2. The Tribunal can dismiss an application if an Applicant fails within a reasonable time to comply with a direction made by the Tribunal. This power is set out in section 42A(5)(b) of the Administrative Appeals Tribunal Act 1975. If you are the Applicant and you fail to comply with a direction, you may also be asked to explain at the directions hearing why your application should not be dismissed.

3.        If a party fails to comply with this direction, the Tribunal will not necessarily decide to adjourn, or delay the listing of, an alternative dispute resolution process or hearing.

4.        Where the Tribunal has the power to award or recommend the payment of costs, failure by a party to comply with this direction may be taken into account in making a decision relating to costs.

5.        If you do not believe you will be able to comply with a timeframe or any other aspect of this direction, you must apply to the Tribunal for an extension of time to comply or a variation of the direction. You must seek the views of the other party before making such an application, and advise the Tribunal of the other party’s views. You should make the application well before the date by which you are required to comply with the direction.

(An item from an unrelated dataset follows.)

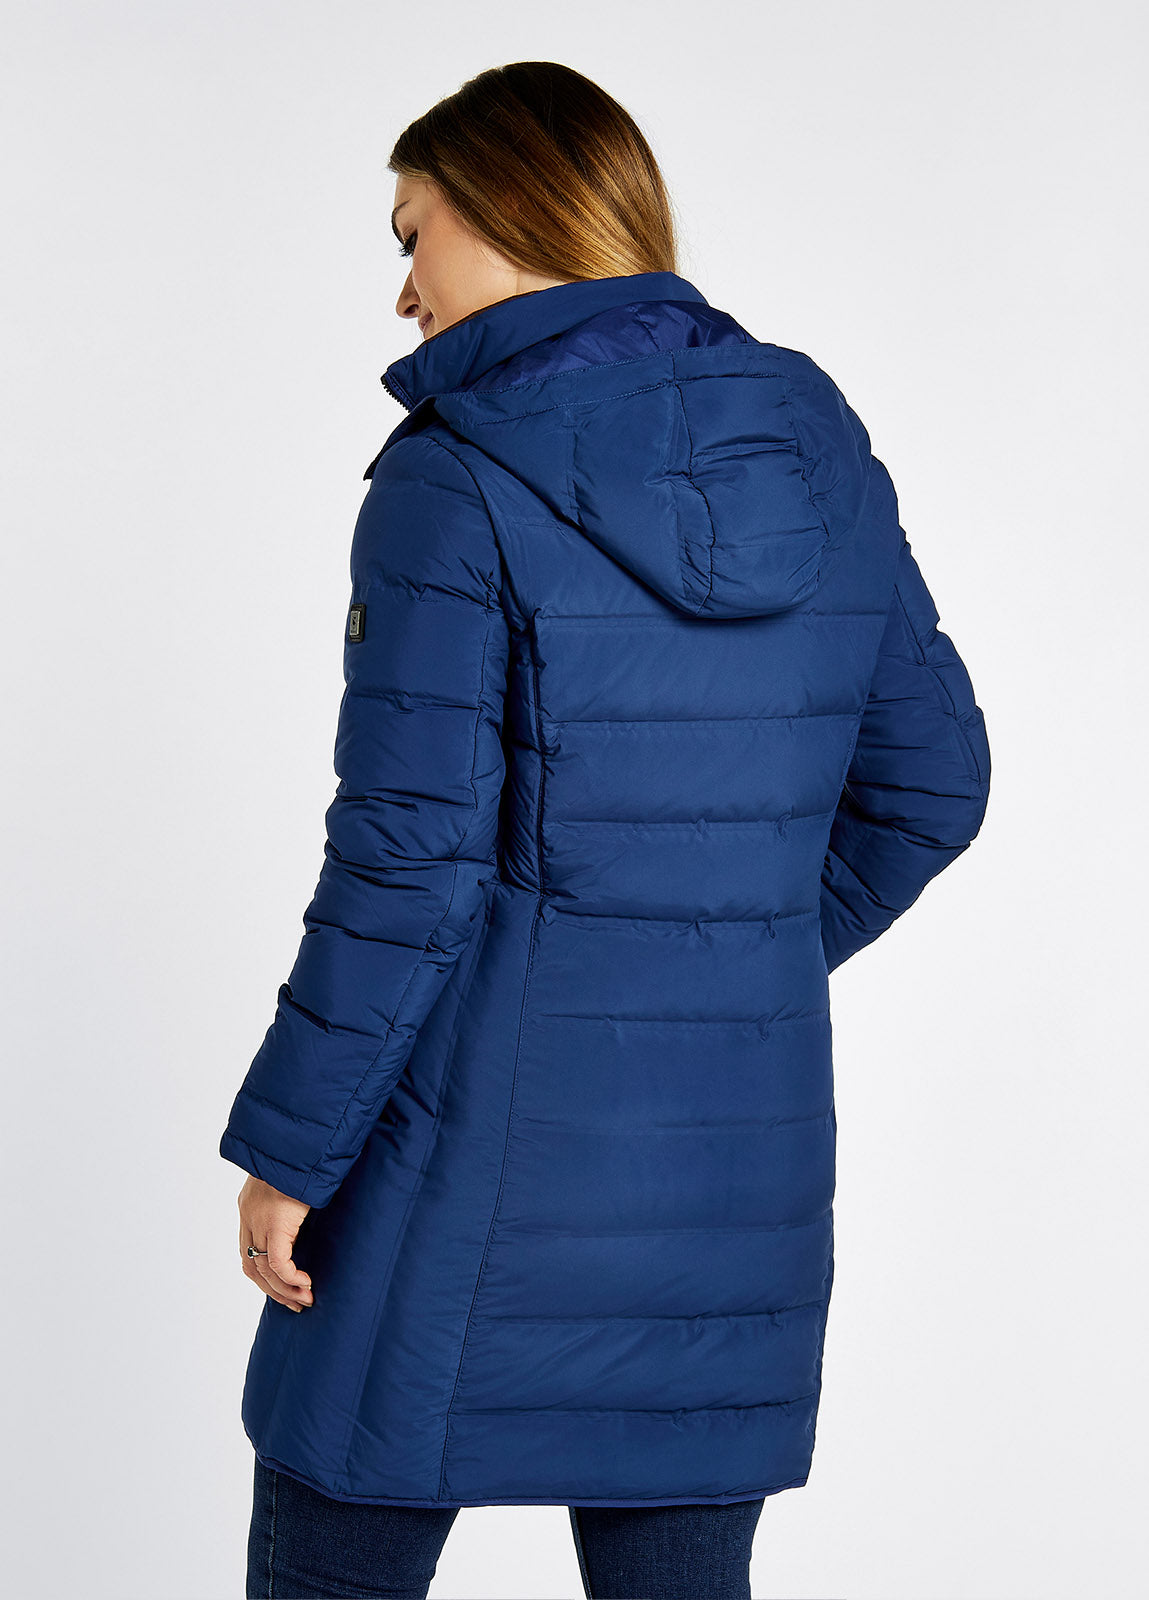 Ballybrophy Quilted Jacket - Peacock Blue

6.        If you have been directed to give the Tribunal a Hearing Certificate, in accordance with the General Practice Direction, the Tribunal may list your application for hearing without further consultation if you do not provide the Hearing Certificate by the specified date.

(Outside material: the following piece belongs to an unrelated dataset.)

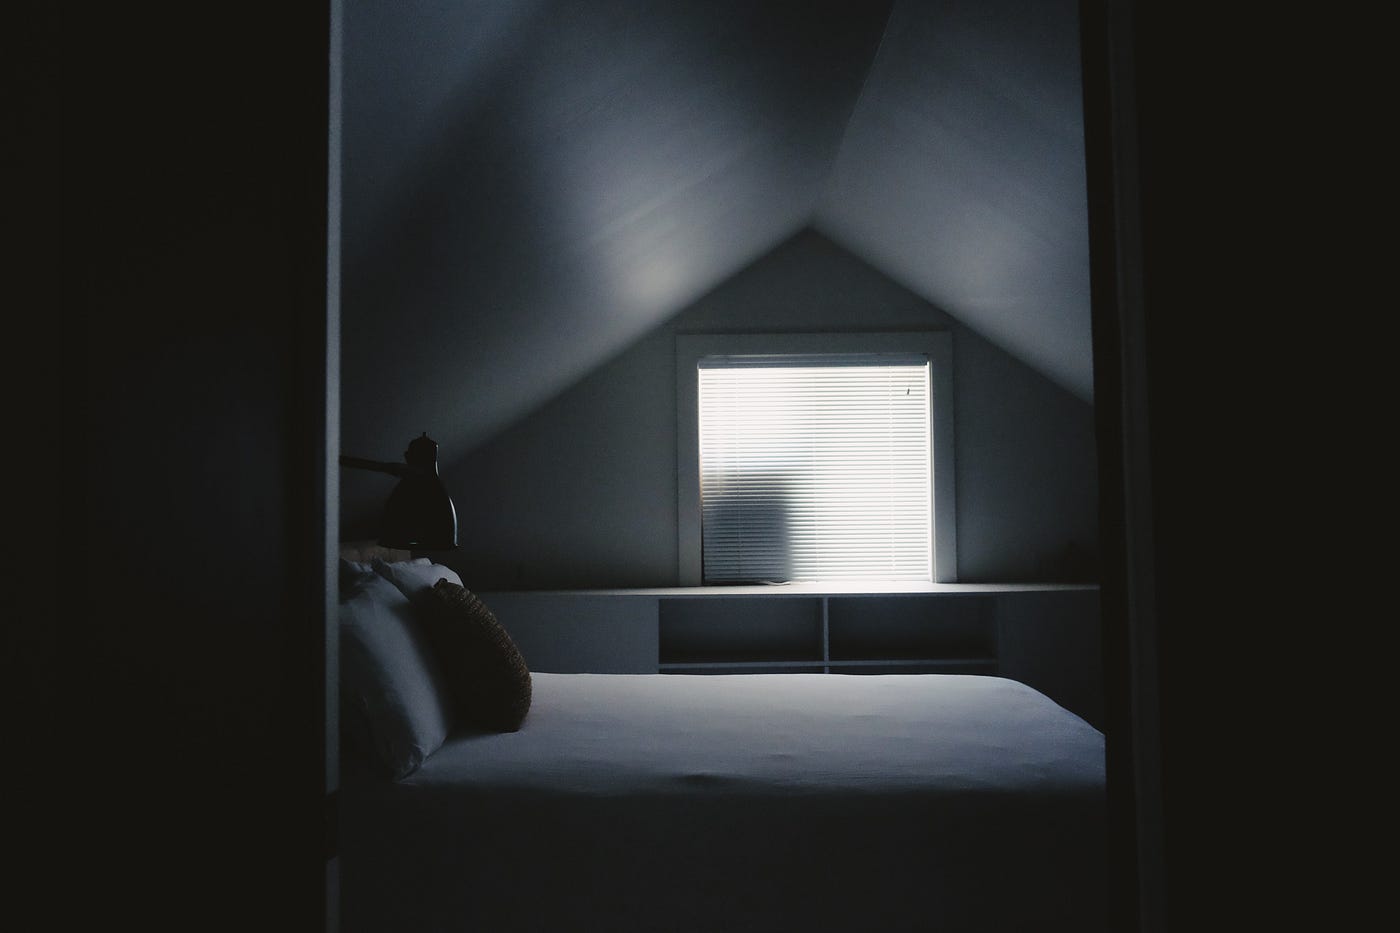 A black and white simple image of a bed in a darkened room. I am discovering this truth: With age, we sleep more lightly and get less deep sleep.

Division:  GENERAL DIVISION

File Number(s):  2018/1886

Re:         KDRH

APPLICANT

And        Secretary, Department of Education

RESPONDENT

Decision

Tribunal:  Chris Puplick AM, Senior Member

Date:      3 June 2019

Place:     Sydney

The decision under review is affirmed.

.................................[sgd]....................................

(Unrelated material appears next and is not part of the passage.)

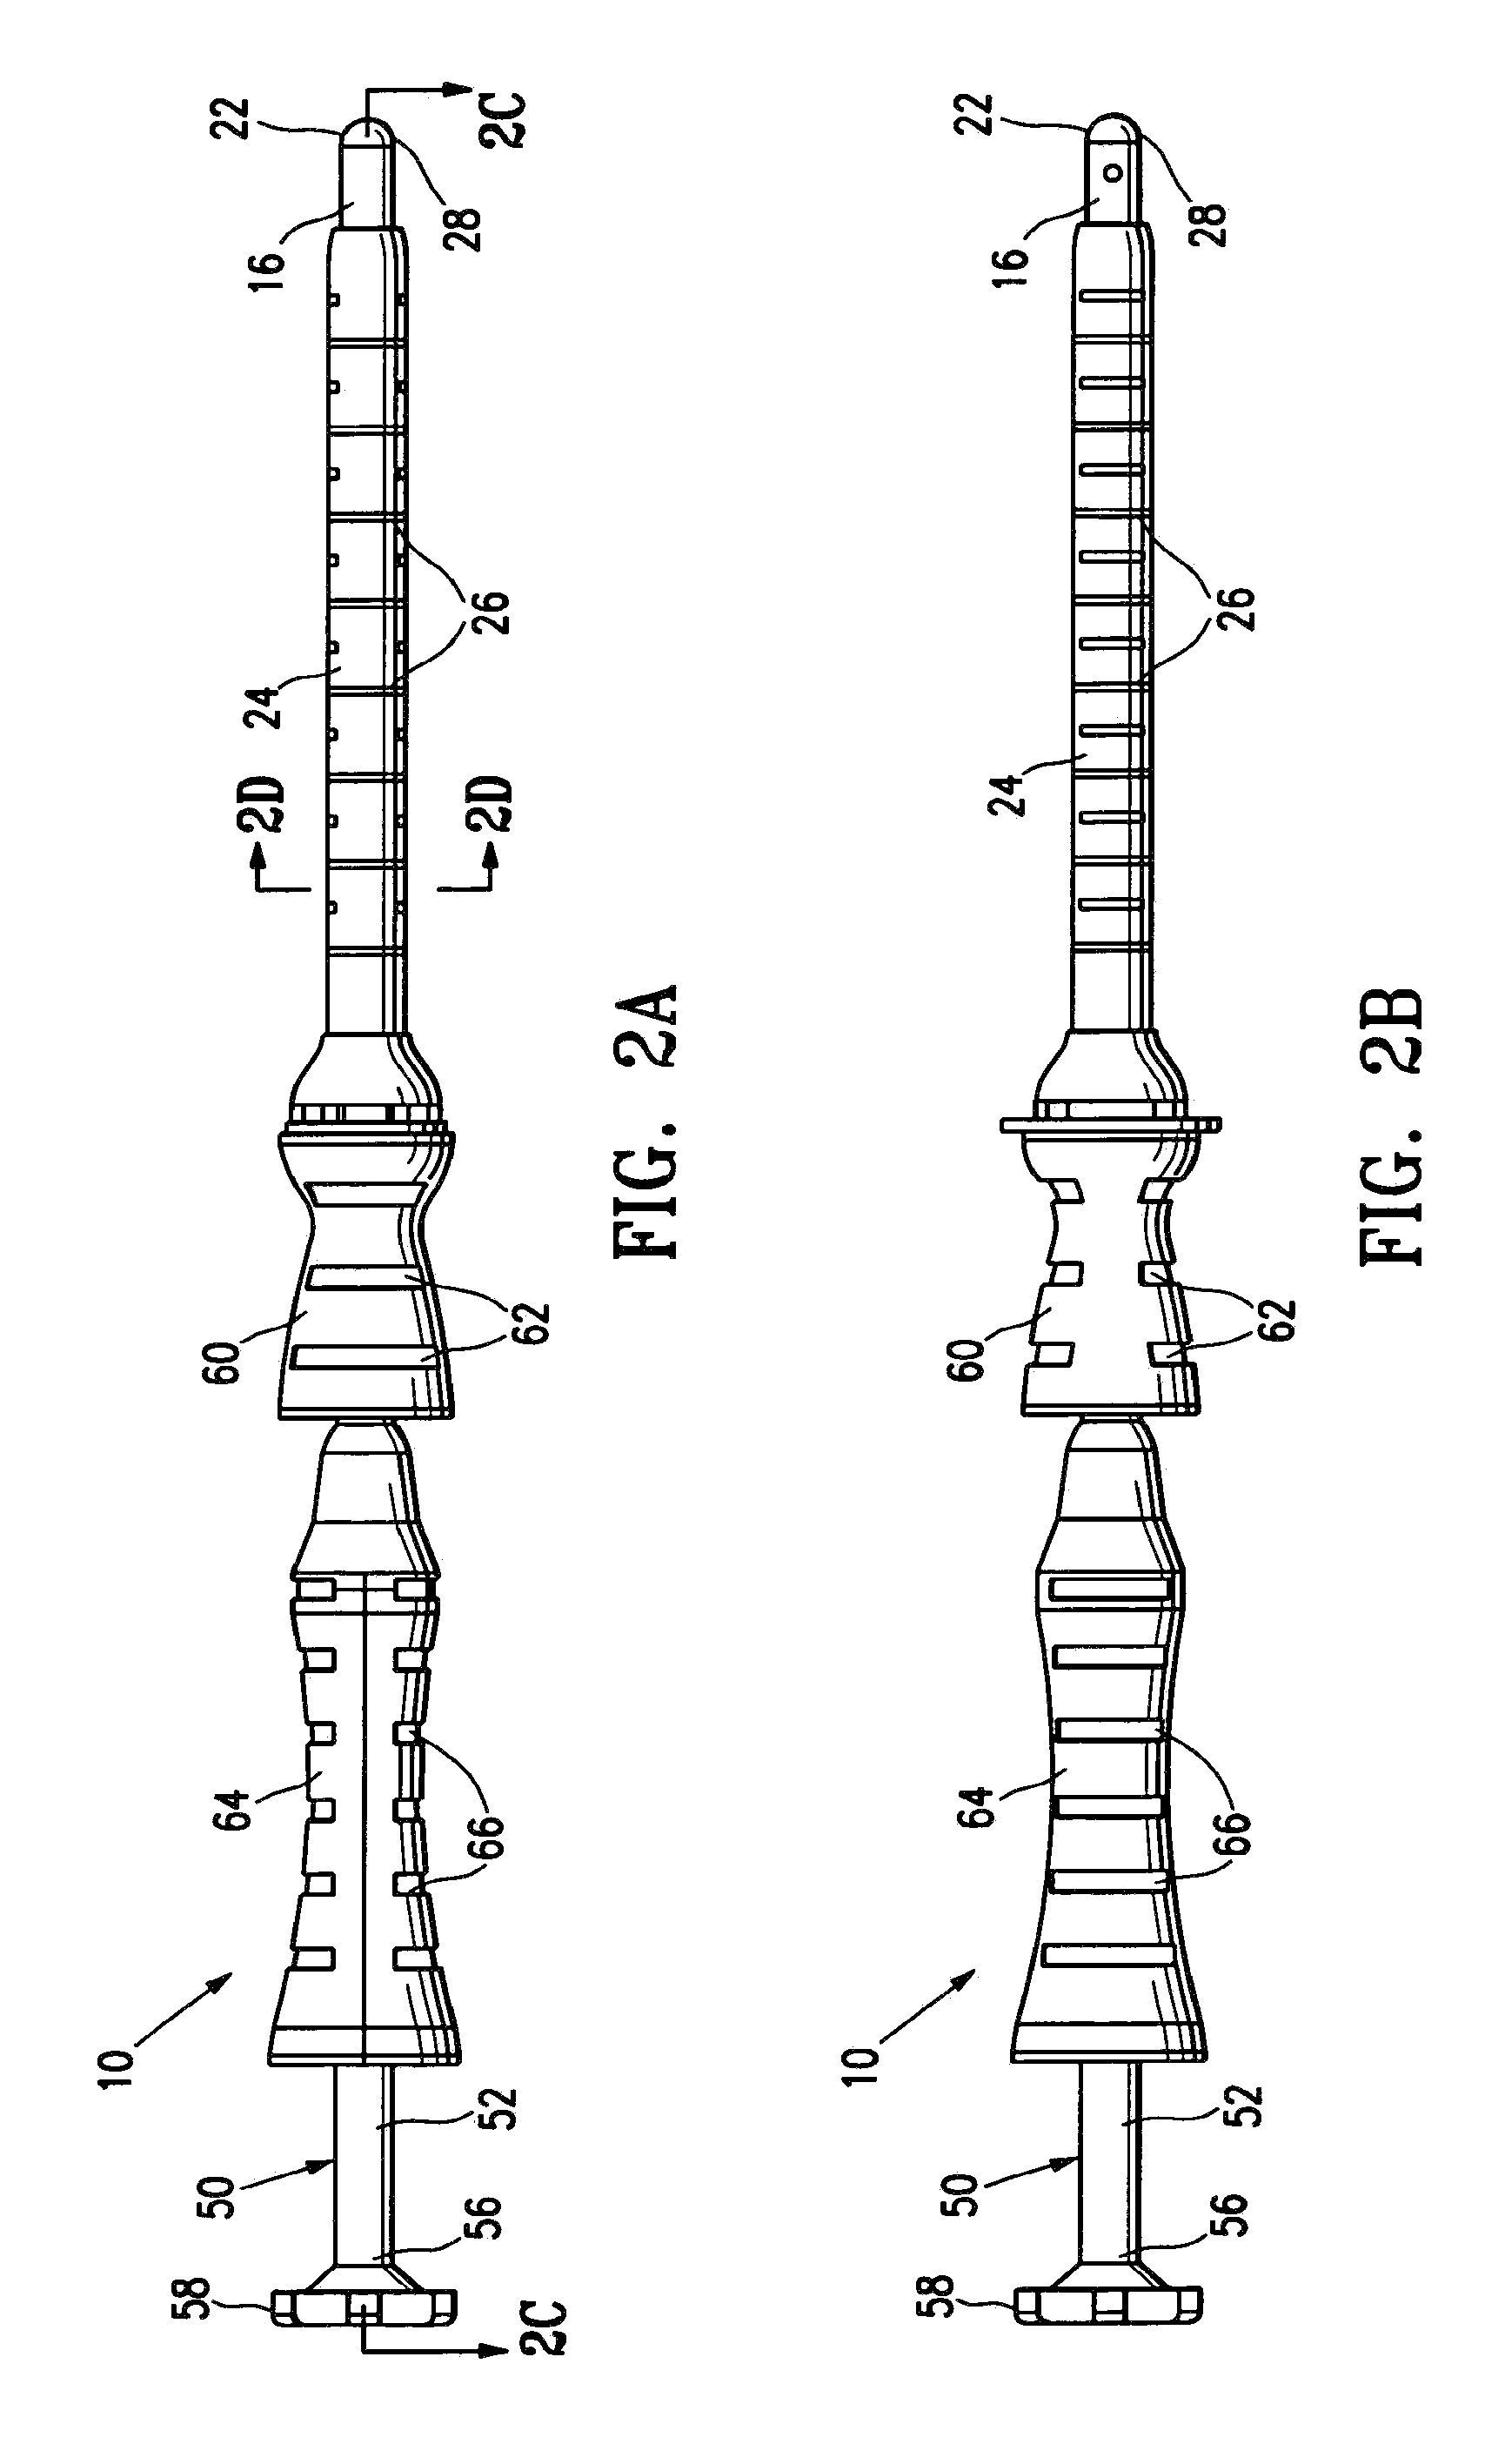 Marker delivery device with obturator

Chris Puplick AM, Senior Member

Catchwords

HIGHER EDUCATION SUPPORT – FEE-HELP debt – application for re-crediting – out of time – whether special circumstances apply – domestic violence – pregnancy – whether domestic circumstances prevented application for re-crediting in twelve months – decision affirmed

Legislation

Administrative Appeals Tribunal Act 1975 (Cth) s 42A

Higher Education Support Act 2003 (Cth) ss 43, 46, 49, 55

VET Student Loans Act 2016 (Cth)

Cases

Brown and Secretary, Department of Education and Training [2015] AATA 518

Magliano and Secretary, Department of Education, Employment and Workplace Relations [2012] AATA 43

Olsen and Secretary, Department of Industry, Innovation, Science, Research and Tertiary Education [2012] AATA 824

Secondary Materials

VET Administrative Information for Providers Guide

REASONS FOR DECISION

Chris Puplick AM, Senior Member

3 June 2019

  1. This appeal arises from the application by the Applicant to have a debt incurred by her to the Commonwealth set aside.

  2. The debt arises under the Higher Education Support Act 2003 (Cth) (the Act) and relates to the scheme of assistance to students known as VET FEE-HELP.

  3. As the debt in question is to the Commonwealth, the Respondent in this case is the Secretary, Department of Education and Training, being the responsible authority for the operation of the FEE-HELP scheme.

Caveat

  1. As indicated below, the hearing before the Tribunal took place in May 2019 at which time the Applicant appeared by telephone. The Respondent’s representative was present in person.

  2. The Tribunal invited the Applicant to give an outline of the basis of her application and to tell the Tribunal about any matters which she wished it to consider. She did so. She also replied to a number of initial questions put to her directly by the Tribunal related to her enrolment and her participation in any form of course-based study. It was also established that she had received the Tribunal’s “T-documents” although she indicated that she had not felt capable of reading and commenting on them thoroughly. The Applicant also stated that she accepted that she had failed to lodge her application for re-crediting of the debt within the required time period.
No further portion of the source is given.